Here I come again... I find peace in here cause I can say out all my heart words without being secretive... Mummy, my birthday is getting nearer... The beautiful and memorable memories flash back together with the all the horrible, harsh and griefty memories.... Mummy, the last birthday that we celebrated together before u left to find ah gong I could still remembered it. That was the best memory ever... When think back, I rally angry with myself why that time I never appreciate you and yet still scold you for throwing a party for me while you so sick... Now only i knew the ans to my WHY... That was really a splendid memory which I could only flash back in my mind...

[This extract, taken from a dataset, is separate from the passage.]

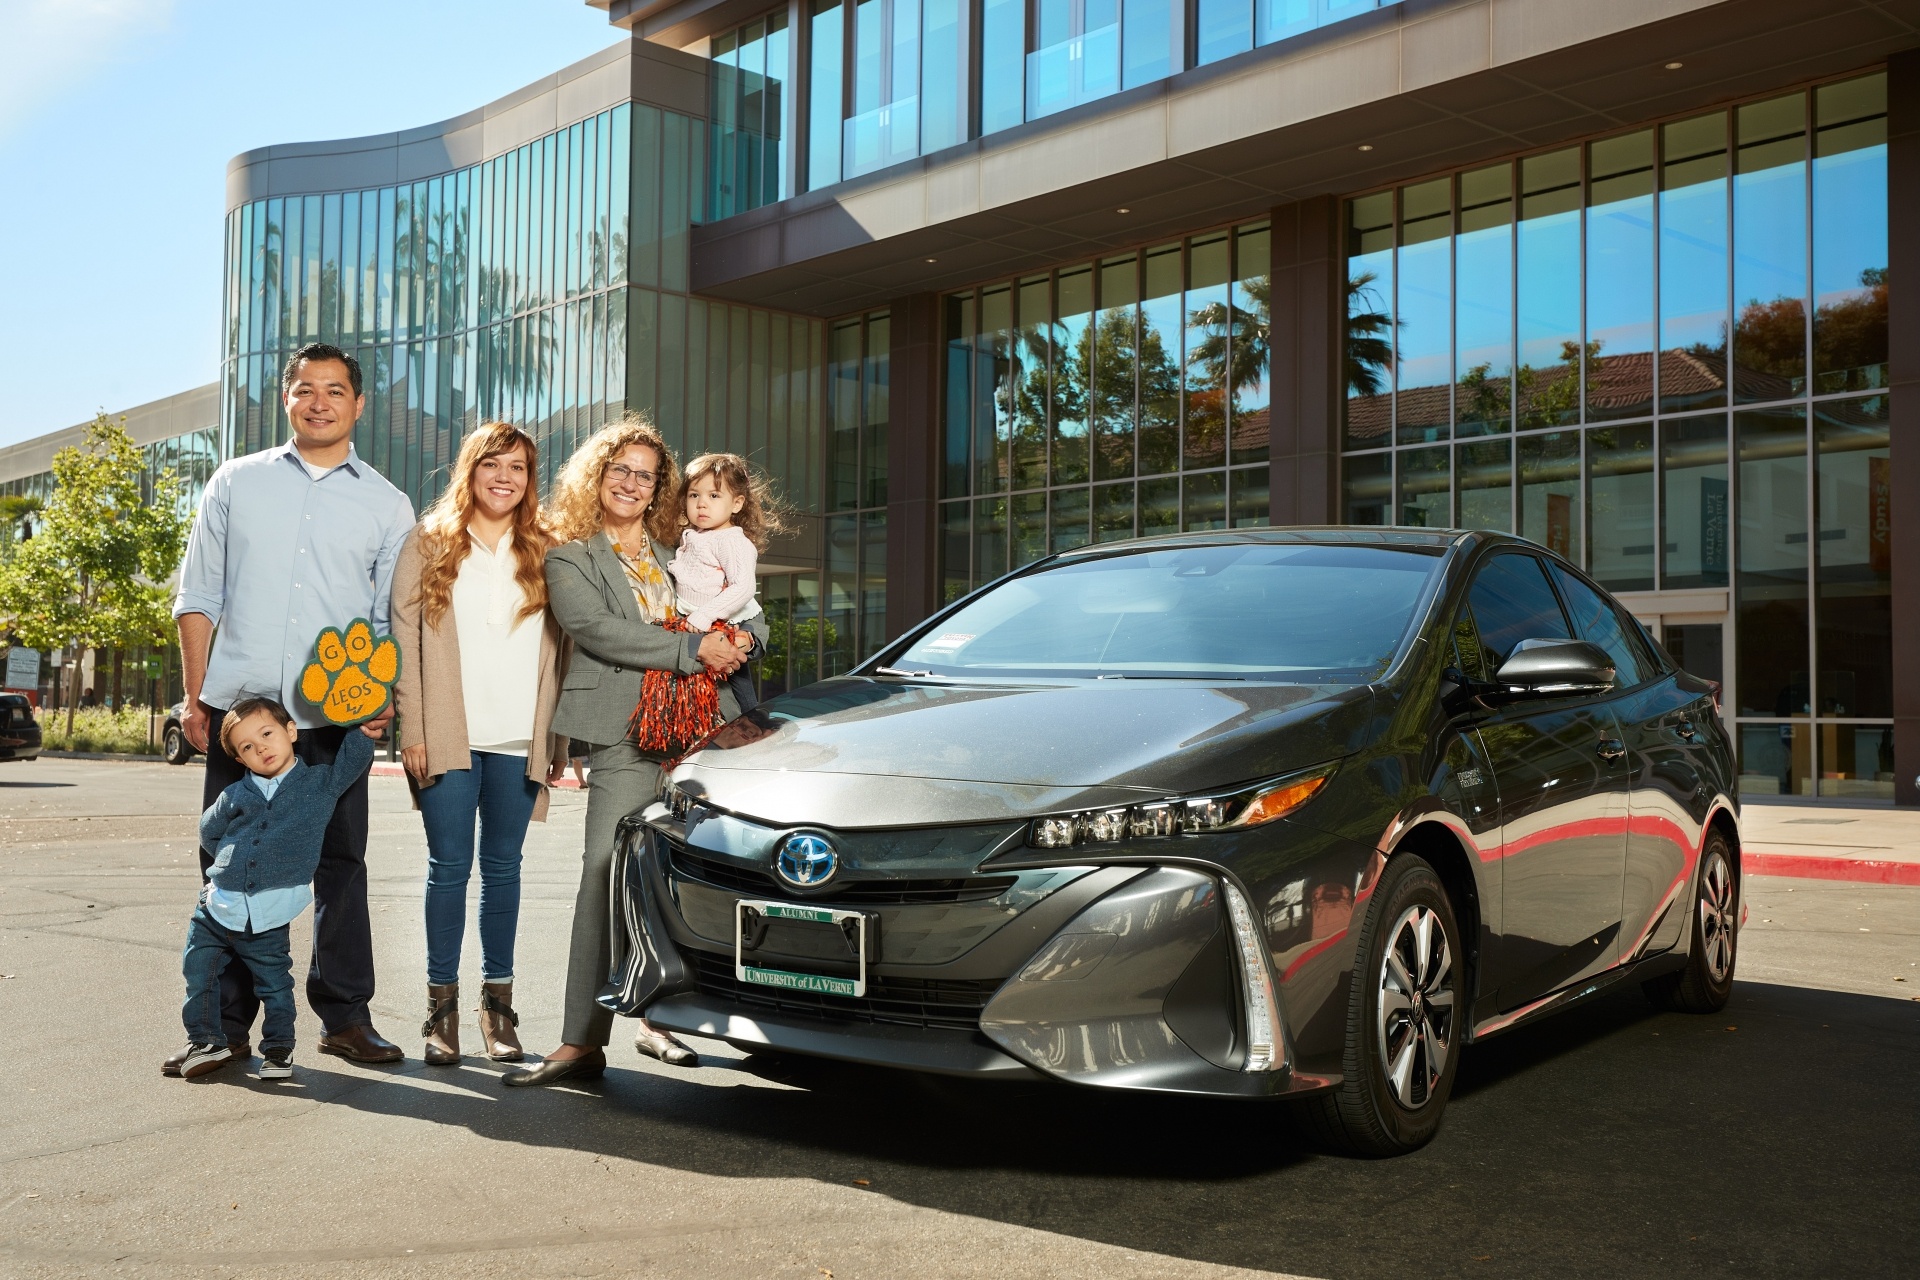 Scholarship fundraiser raffle winner poses with new Toyota Prius

Mummy, after you have gone, there isn't any beautiful creation in my life already... before u left u told me to let go someone as u known tat he wasn't the one for me and u ask me to love myself, take care of family and also find someone who truly love me... Mummy, i really wish i could told u that i found that person already but these four years it prove me wrong.... that person prove me wrong...
I thought i really could trust him and he is the only guy who never lie to me... end up i also being cheated by him... this lie, cheat will never cease away from my heart... the hurt and scar keep on bleeding... i still celebrate his birthday and buy a present which cause me in a situation where i dunno where am i now... mummy, the day i know he cheat on me i really wanna commit suicide and find u d... i wish to get a cancer but i think is u love me tat y till now i am still healthy...
i will never trust him anymore... i also hate him a lot cause me change... i wanna a break but i cant... i want a clean and pure relationship... y must he lie and cheat on me... i not dare to kiss now...i dare not to look in his face nw... i hate to c the face tat cheat on me... but i dun think that he notice on my changes...
tonight i purposely dun wan out with him... i will never out with him and his fren anymore... wedding still can continue or not will be a question for me to answer... i rather to have a play love now than a real love cause my love that i though is real has been broken and it had prove to me that in this world there will never be any reAL love... all things that happen should not be started and i dunno hw to end it nw... it's not that i didn't think properly i got think it over... but sometimes things are out of my control... i dress up myself nw... my heart have space to fill another person.... i started to cast him away in my life... i wanted to stop but how to stop.............. maybe die will be the solution... i wish to get cancer... so that i can meet mummy... i miss u... i am tired d...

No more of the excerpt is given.